Lengthy delays to social-care reform could “destabilise” and “undermine” care systems, MPs have said after a long-awaited white paper failed to set out a fully-funded plan for reform.
The government’s health and social care white paper was published in February and set out plans to create integrated care systems throughout England to deliver care services.
The integrated systems will bring together the NHS, local government and other partners to deliver social-care and public-health services, according to the white paper. They will be established under the upcoming health and social care bill, which members of parliament's Health and Social Care Select Committee have been scrutinising.
The white paper had been expected to give more detail on Boris Johnson’s promise to "fix the crisis in social care once and for all" when he became prime minister in July 2019.
But it included no long-term plan for social care – an omission that “concerned” the committee, its report said. Meanwhile, the Queen’s Speech this week pledged only that “proposals for social-care reform will be brought forward”. The speech gave no details or timeframe in which relevant legislation would be passed.
The lack of a social-care plan was one of the “concerning omissions” the MPs identified in the white paper, despite welcoming the overall “direction of travel in the government’s reform of health and social care”.
“The absence of a fully-funded plan for social care has the potential to destabilise integrated care systems and undermine their success,” the report said.
The MPs added that they will be “extremely disappointed” if the government does not deliver on the prime minister’s commitment – made to the committee in March – to producing a 10-year social-care plan by the end of 2021.
The plan must be “fully costed and funded”, they said, adding: “Without secure, long-term funding, the problems that have bedevilled the care sector over the last two decades will not be solved.”

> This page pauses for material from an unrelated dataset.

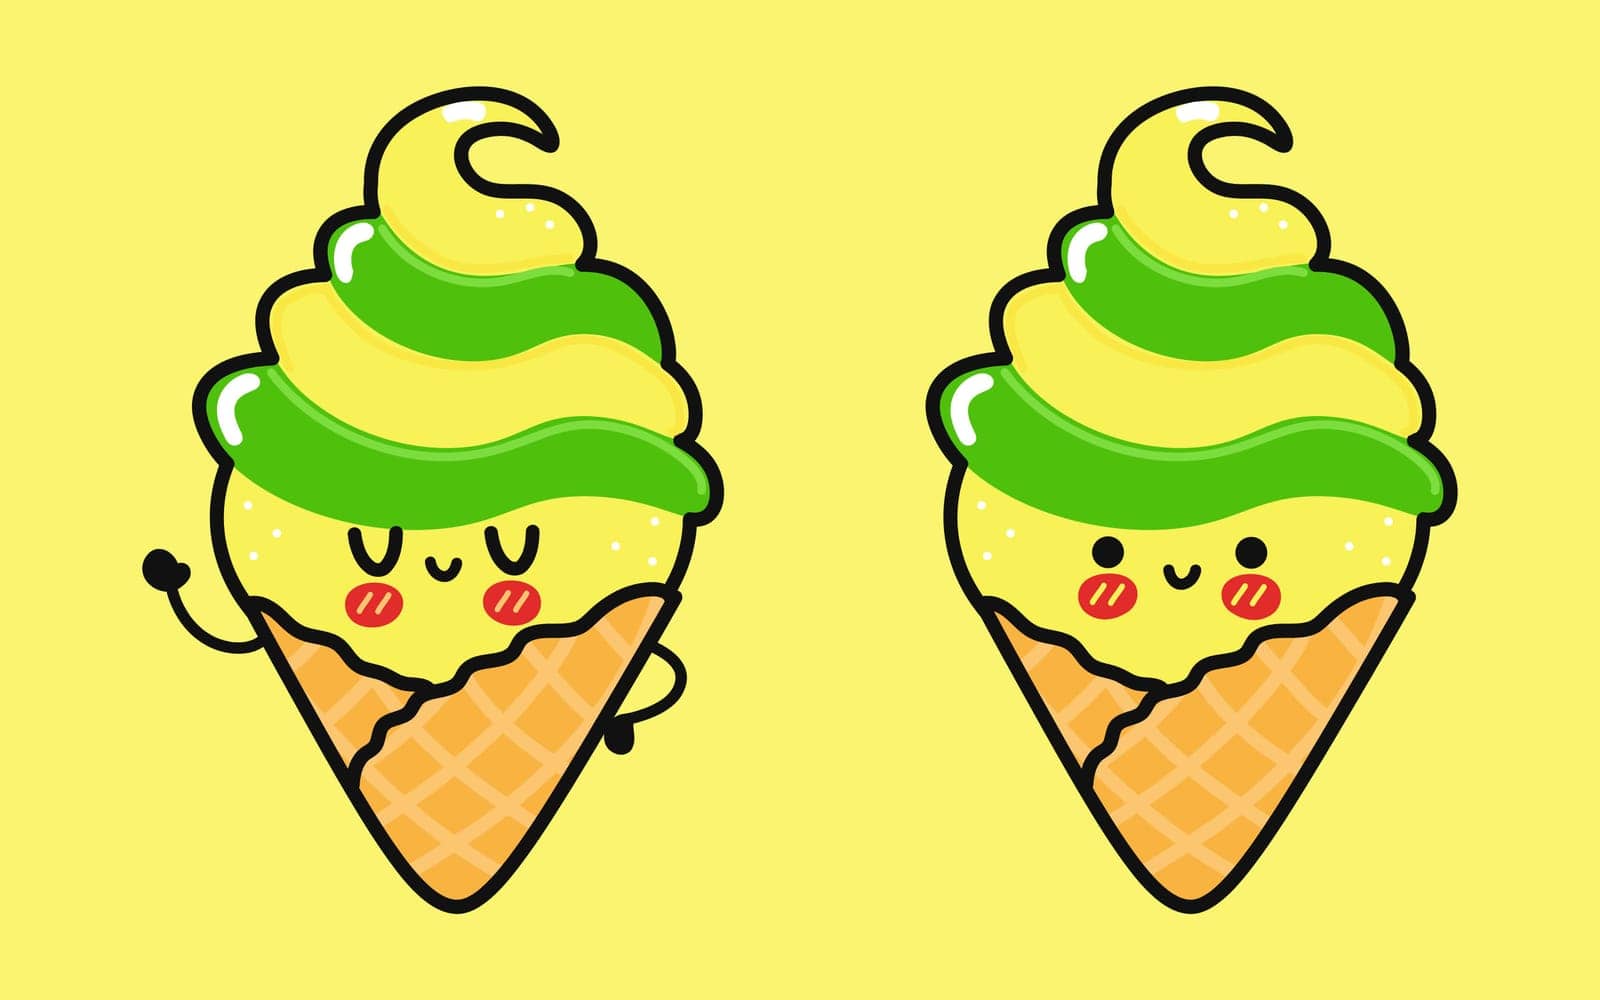 Cute funny Ice cream. Vector hand drawn cartoon kawaii character illustration icon. Isolated on yellow background. Ice cream character concept by Caspian

They also called for the health and social-care bill to include a requirement for the health secretary to produce a fully-costed, 10-year plan within six months, to give the social-care sector “reassurance that both the structural and financial problems it faces will be tackled by the government in a timely way”.
Call for 'full transparency' around appointments
MPs also said they had concern about the way appointments to NHS boards will be made in future.
The report – which comes at a time when public appointments are under particular scrutiny –noted that the upcoming bill will give the health secretary ultimate responsibility for appointments to NHS boards.
While the MPs said the health and social-care bill provides a “timely” opportunity to reform the criteria for appointments, they stressed that appropriate safeguards must be put in place.
“Given the concerns about the potential politicisation of the NHS, there will need to be full transparency in the appointment process,” the report said.
The bill must therefore set out the criteria by which the health secretary will make and veto appointments, the committee said.
Other recommendations in the report included giving the Care Quality Commission “powers to give Ofsted-style ratings for local-authority social care”, and giving integrated care systems a “core duty on ICSs to have regard to public health and mental health”.
The report also called for “flexibility” on the timing of the bill, given the “unprecedented strain” both the NHS and care sector have been under during the coronavirus pandemic.